The bigrams most characteristic of Clinton's speeches are`r glue::glue_collapse(paste0("*", clinton_bg, "*"), sep = ", ", last = " and ")`.
Those most characteristic of Trump's speeches, instead, are`r glue::glue_collapse(paste0("*", trump_bg, "*"), sep = ", ", last = " and ")`.
The bigrams most characteristic of Clinton’s speeches are what_i, i_want, that_is, you_can, we_can, donald_trump, i_am, got_to, i_know, to_work, if_you, we_need, go_to, all_the, and_that, that_we, and_he, i_was, to_say and and_i. Those most characteristic of Trump’s speeches, instead, are trump_trump, make_america, believe_me, to_happen, we_will, it’s_going, you’re_going, to_win, are_going, you_thank, very_much, care_of, hillary_clinton, not_going, this_country, will_be, we_don’t, think_of, these_are and do_you.

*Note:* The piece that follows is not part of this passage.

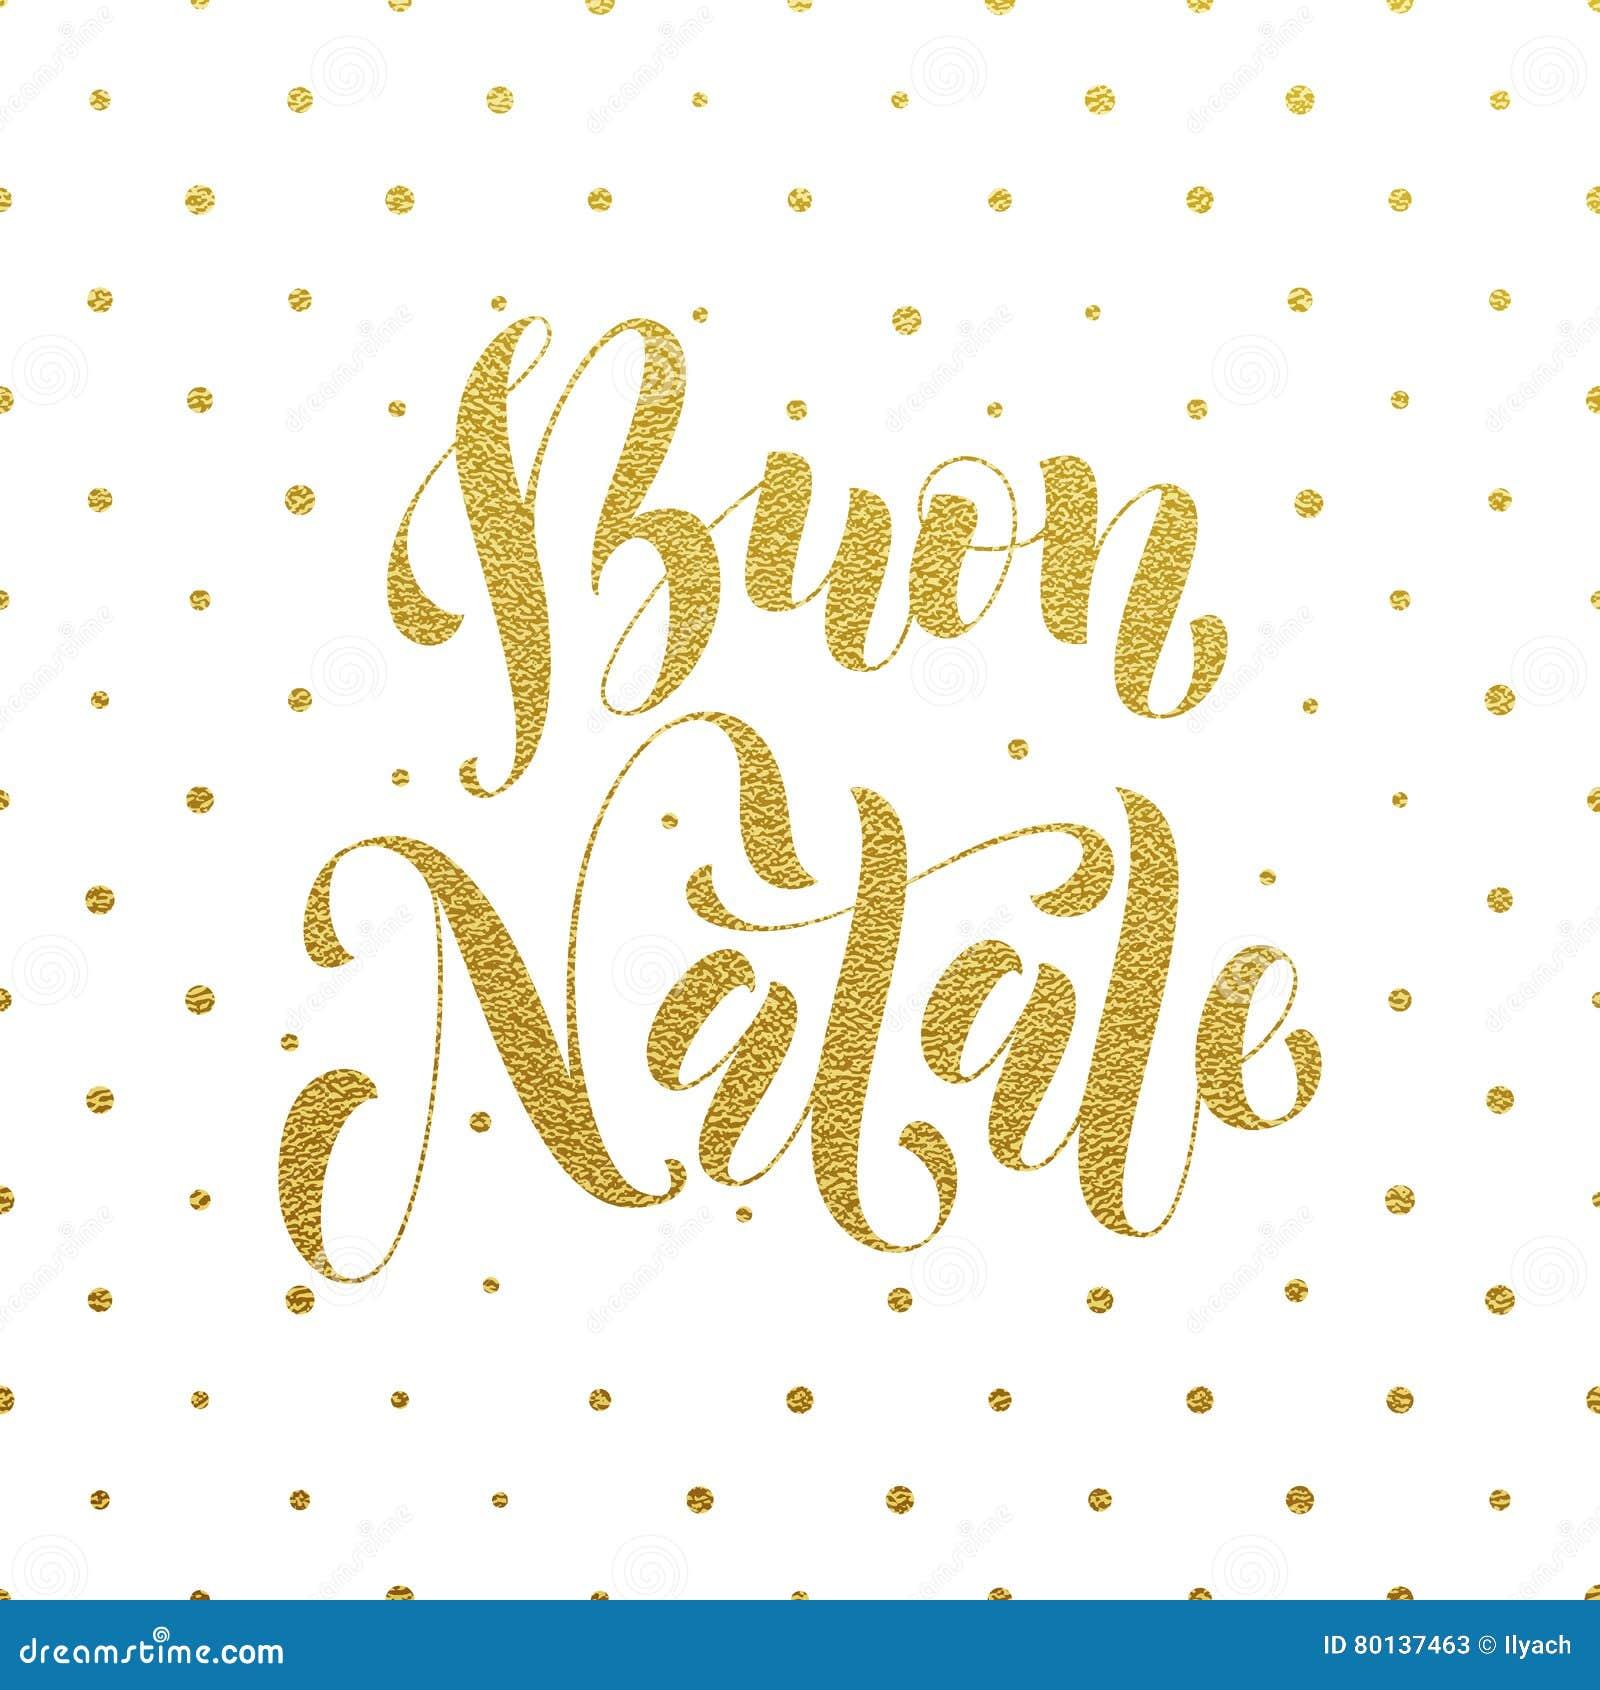 Buon Natale Glitter.Buon Natale Greeting Italian Merry Christmas Stock Illustration

5 High frequency trigrams as features
In our third approach, we work with the 150 most frequent trigrams — the workflow is the same as in Section 4, but ngram_size
must now be set to 3 instead of 2.
features <- fnames %>%
freqlist(ngram_size = 3) %>%
drop_re("(applause|cheering|--)") %>%
keep_bool(ranks(.) <= 150) %>% # or keep_pos(1:150)
as_types() %>%
print(n = 10)
Type collection of length 150
type
----------------------
1 a_couple_of
2 a_long_time
3 a_lot_of
4 a_trump_administration
5 all_of_the
6 all_of_you
7 all_over_the
8 america_great_again
9 and_by_the
10 and_hillary_clinton
...
d <- map(setNames(fnames, short_fnames), function(fname) {
freqlist(fname, ngram_size = 3)[features]
}) %>%
bind_cols() %>%
data.frame(row.names = features) %>%
as.matrix() %>%
t() %>%
drop_empty_rc()
d_ca <- ca(d)
texts_df <- row_pcoord(d_ca)[,c(1, 2)] %>%
as_tibble(rownames = "text") %>%
mutate(Subcorpus = sub_corp)
words_df <- col_pcoord(d_ca)[,c(1, 2)] %>%
as_tibble(rownames = "word")
Table 6 shows again a random subset of documents with their new coordinates, as well as a random subset of features —this time trigrams— and their coordinates. Figure 5 shows the biplot.
Code
set.seed(2022)
texts_df %>% group_by(Subcorpus) %>%
slice_sample(n = 5) %>% kbl() %>%
kable_paper(full_width = FALSE)
words_df %>%
slice_sample(n = 10) %>% kbl() %>%
kable_paper(full_width = FALSE)
text | V1 | V2 | Subcorpus |
---|---|---|---|
Clinton_2016.11.09 | -0.6095332 | 0.7959658 | Clinton |
Clinton_2016.09.06 | -0.9488437 | -0.1244524 | Clinton |
Clinton_2016.08.31 | -1.1755695 | 0.6056259 | Clinton |
Clinton_2016.08.05 | -0.7943022 | 0.0043116 | Clinton |
Clinton_2016.08.11 | -0.6841211 | 0.1809109 | Clinton |
Trump_2016.10.31 | 0.1647120 | 0.1946402 | Trump |
Trump_2016.11.07.B | 0.2561010 | -0.0758231 | Trump |
Trump_2016.08.15 | 0.2837312 | 0.8632088 | Trump |
Trump_2016.08.02 | -0.1014379 | -0.4964737 | Trump |
Trump_2016.10.14.B | 0.1620511 | -0.2630311 | Trump |
word | V1 | V2 |
---|---|---|
to_have_a | -0.1518327 | -0.2802206 |
a_couple_of | 0.0244926 | -0.6163659 |
hillary_clinton_is | 0.4798830 | 0.4714349 |
for_our_country | -0.1323530 | 0.4128090 |
the_history_of | 0.3043229 | 0.0339088 |
usa_usa_usa | 0.6682345 | 0.4832611 |
they_want_to | 0.0399990 | -0.4315310 |
and_i_said | 0.0593379 | -0.6906045 |
i'm_going_to | -0.1174069 | -0.0887996 |
you_know_i | -0.6027103 | -0.4392379 |
dim_1 <- sprintf("Dimension 1 (%.2f %%)", summary(d_ca)$scree[1,3])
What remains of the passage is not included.